#### Source material

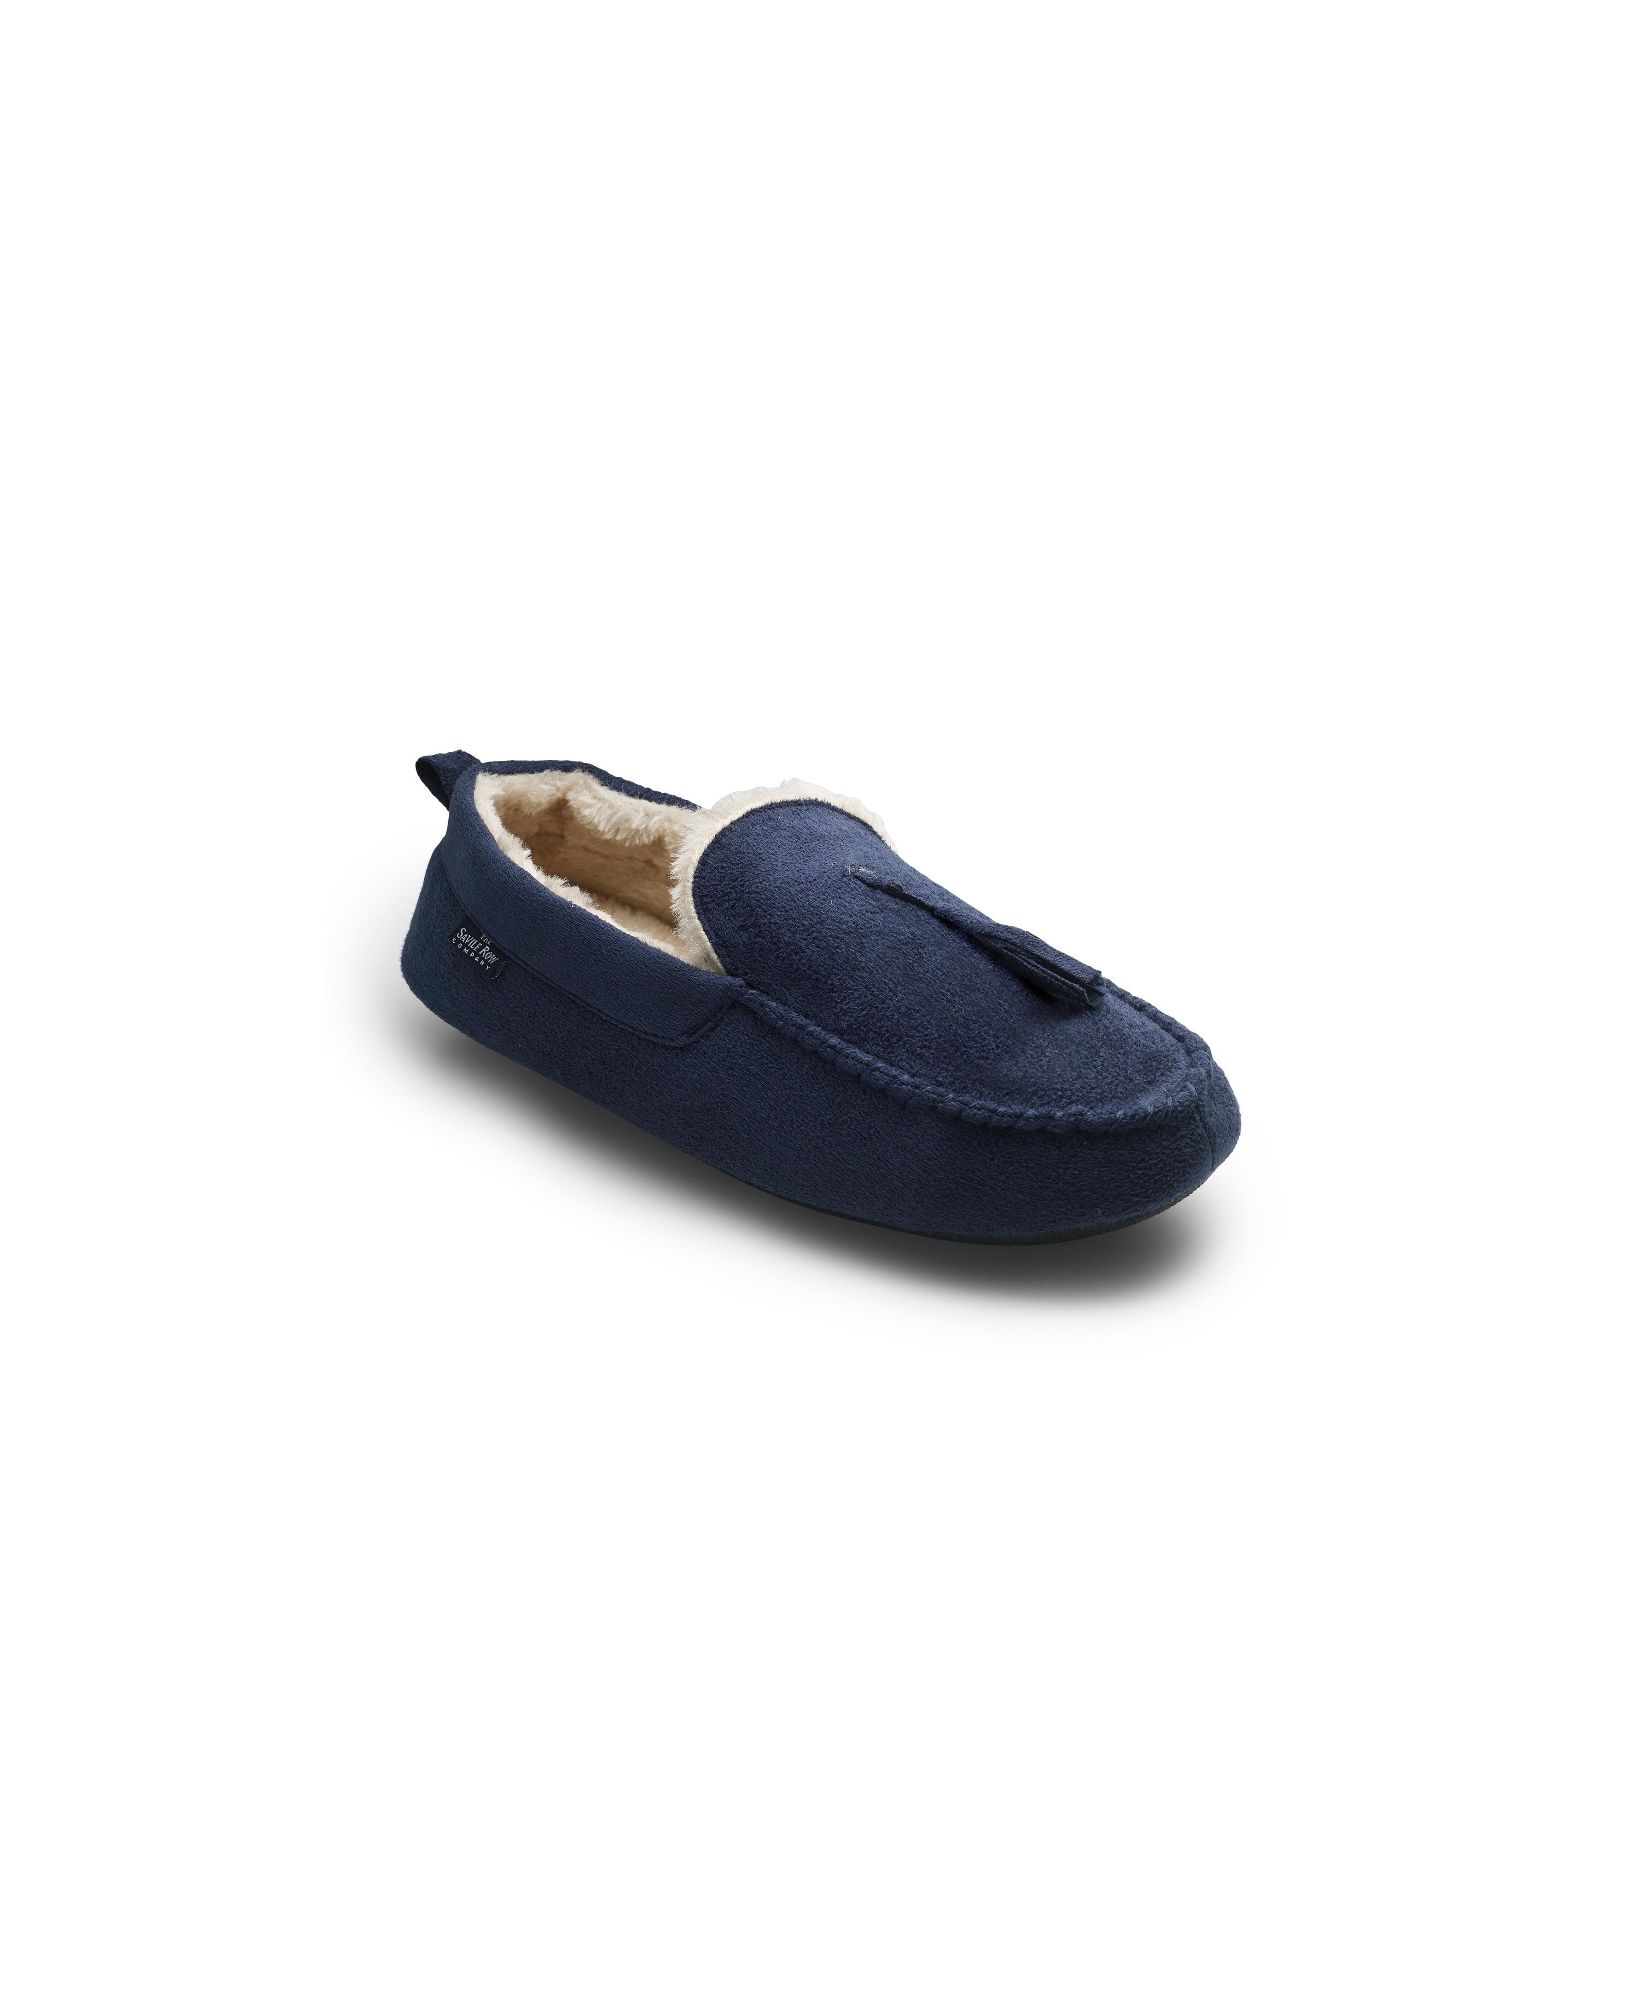 Navy Microsuede Moccasin Slippers 9
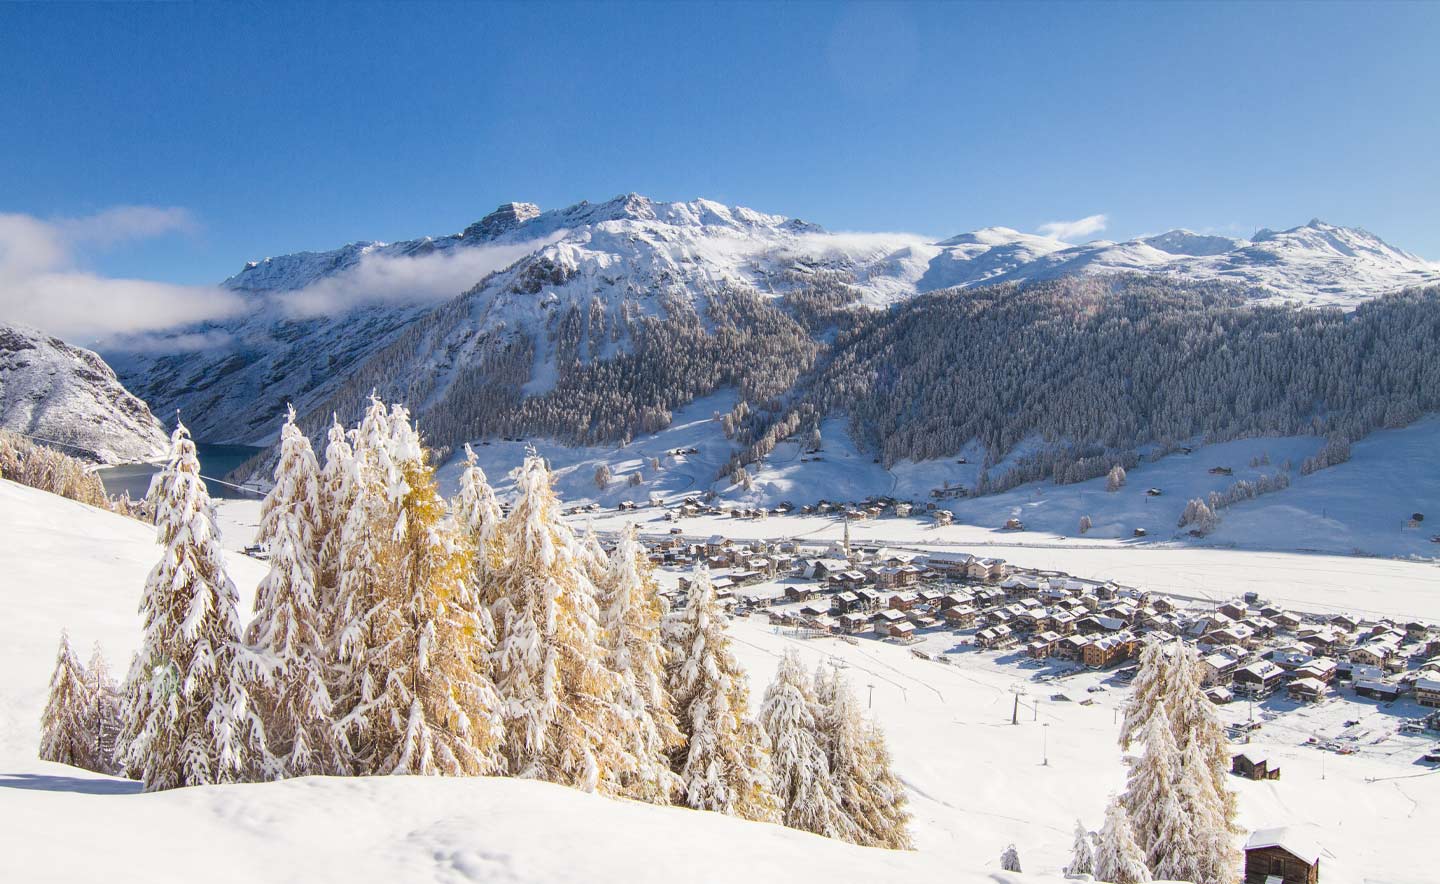 Snowy landscape amidst the mountains of Livigno
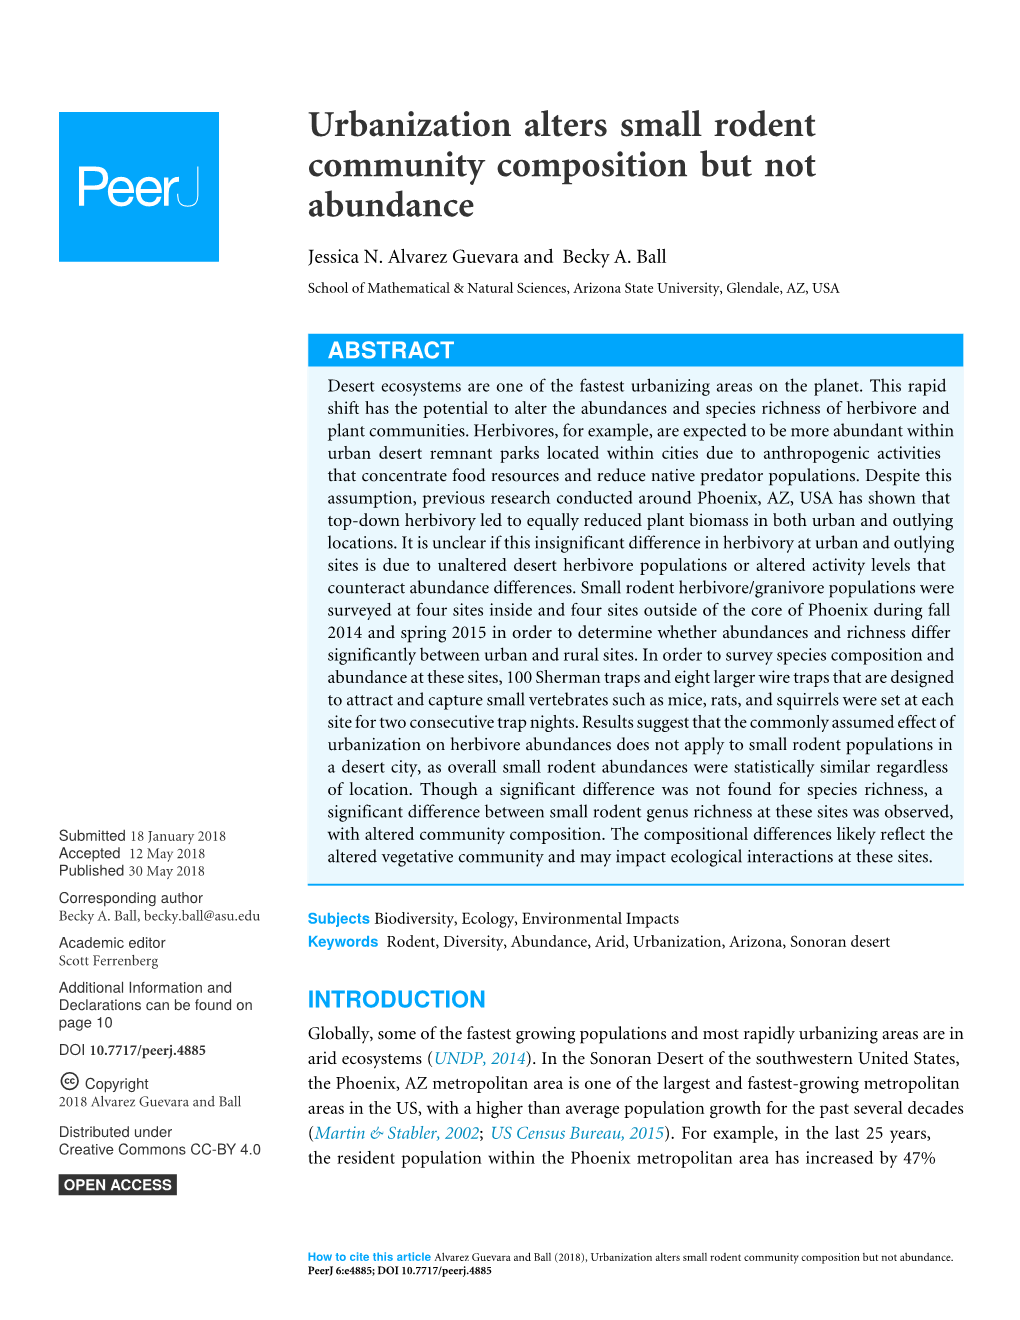 Urbanization Alters Small Rodent Community Composition but Not Abundance

########

**Work to complete**
Take the line with "Snowy landscape amidst" and each line after it through the end of the material above, and reproduce them exactly, both ends included, without pictures.

**Answer section**
 Snowy landscape amidst the mountains of Livigno
 Urbanization Alters Small Rodent Community Composition but Not Abundance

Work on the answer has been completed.